It should come as no surprise to anyone that my mother has rented Mr Nilsson's hut, plonked the money on the table, and walked away with a bargain. "We can put all the things we don't like away in the cupboard" she says. My idea of an Enid Blyton camping in the woods kind of thing for Minks, Rams & cousin Molly, hasn't really gone down so well with daughter who insists that she "loves waking up in the morning to the smell of Pappa's bacon frying." "But you can make your own! Just imagine, your own cereal, milk, toast - it will be like camping." She looks unconvinced. Mopey even. "We definitely need to rent bicycles," she says, "It's a long way from the house." I would be generous suggesting that it is a mere 250 yards from the house but I know better and keep my mouth closed, grinning instead in a supportive mother kind of way at her bike idea. "Well I think we can get bikes at Havna. That WILL be fun." I imagine them in those little smocked dresses that the French girls wear until they're eighteen, buckled red mary-jane flats, leather satchels strapped to their backs, bursting with ginger beer and red apples and paper-wrapped sandwiches, peddling as fast as their long brown legs will carry them, whizzing down Grimestadstranda on a summer evening. "Gosh, what fun you girls will have!" I say, feeling a little like Joyce Grenfell.
Back to the hard news of the day. Minks and I ate Cherry Garcia and watched the Paris Hilton interview on Larry King. I am the biggest gullible fool in the world and thought she sounded marvellously together and sane. But I suppose we've never really heard her speak before so any words strung loosely together in such a way to resemble a sentence appears impressive. Poor thing couldn't remember her favorite quote from the Bible when asked. I wracked my brain a bit there too, remembering that the Lord's prayers isn't in the Bible. Psalm 23, I thought, that's what I'd choose, or that bit about ants (a feeble folk) but I can't remember which book it's from or how it goes, just that I like it. Anderson Cooper had no time for her and echoed really what I've always moaned about "why would someone with such position and power not use it to make positive change in the world." Dear Jess Cagle, who really is such a lovely, huggable man, seemed besotted. He told the world that Paris was "sweet" and "sincere." My old pal Ken Sunshine was less positive pointing out that if she wants to keep her mystique she really shouldn't do hour long interviews where her lack of intellect is so sharply defined. I don't know. I'm so shallow. I just kept wondering why she was wearing so much ugly orange lipgloss. One thing is clear: Michael Sitrick has made an impression. If there is one argument for a good publicist, it was made by Paris yesterday. She cleaned up her act. I'm not sure I believe a word of it, but most will. Afterall, jail is the surefire fast track to heaven. Wanna find God? Get thyself to the slammer. (It's really sad isn't it that I'm so cynical. At 19 I was an idealist. Really. I believe that man was good. Now, I'm not so sure).

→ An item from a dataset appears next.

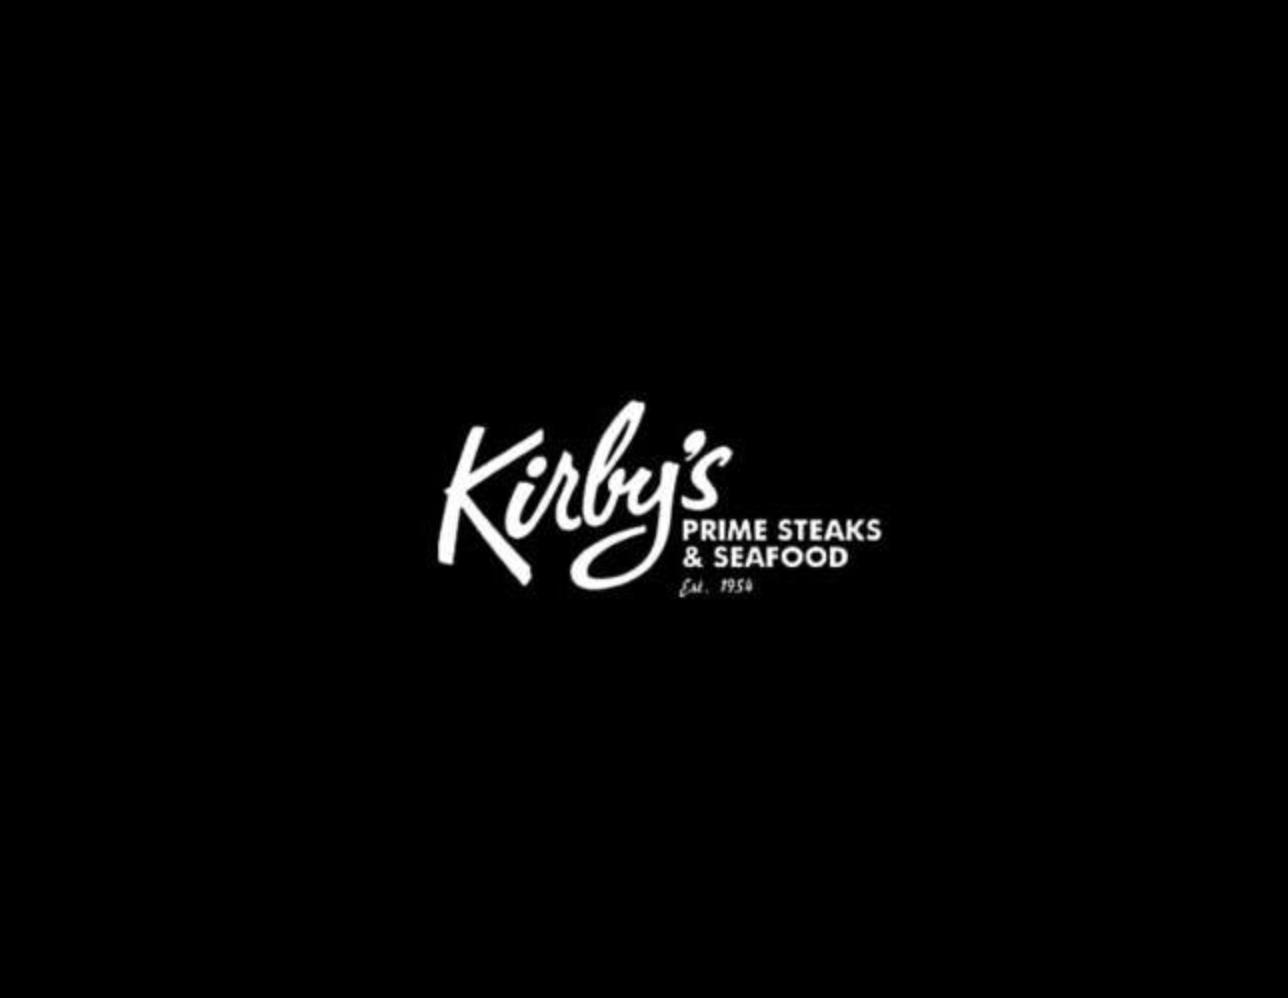 Kirby's Steakhouse , Dinner  123 N. Loop 1604 E., San Antonio, 78232  P 210-404-2221    Kirby's Dinner Menu      Make a Reservation on OpenTable

Figs are in season. I cooked some bread on the grill last night and chopped up figs with basil, olive oil, salt and pepper, to top it. Delicious. Miss Ame came for supper in a pretty blue dress and we discussed our dogs ad nauseum, while eating figs, grilled asparagus and new potatoes with butter. And my old standard -- boneless, skinless chicken thighs baked with lemon and garlic and olive oil (and a little oregano). The figs are really good with chopped mint and mozarella added to the above mixture, by the way. I believe it's an old Jamie Oliver recipe.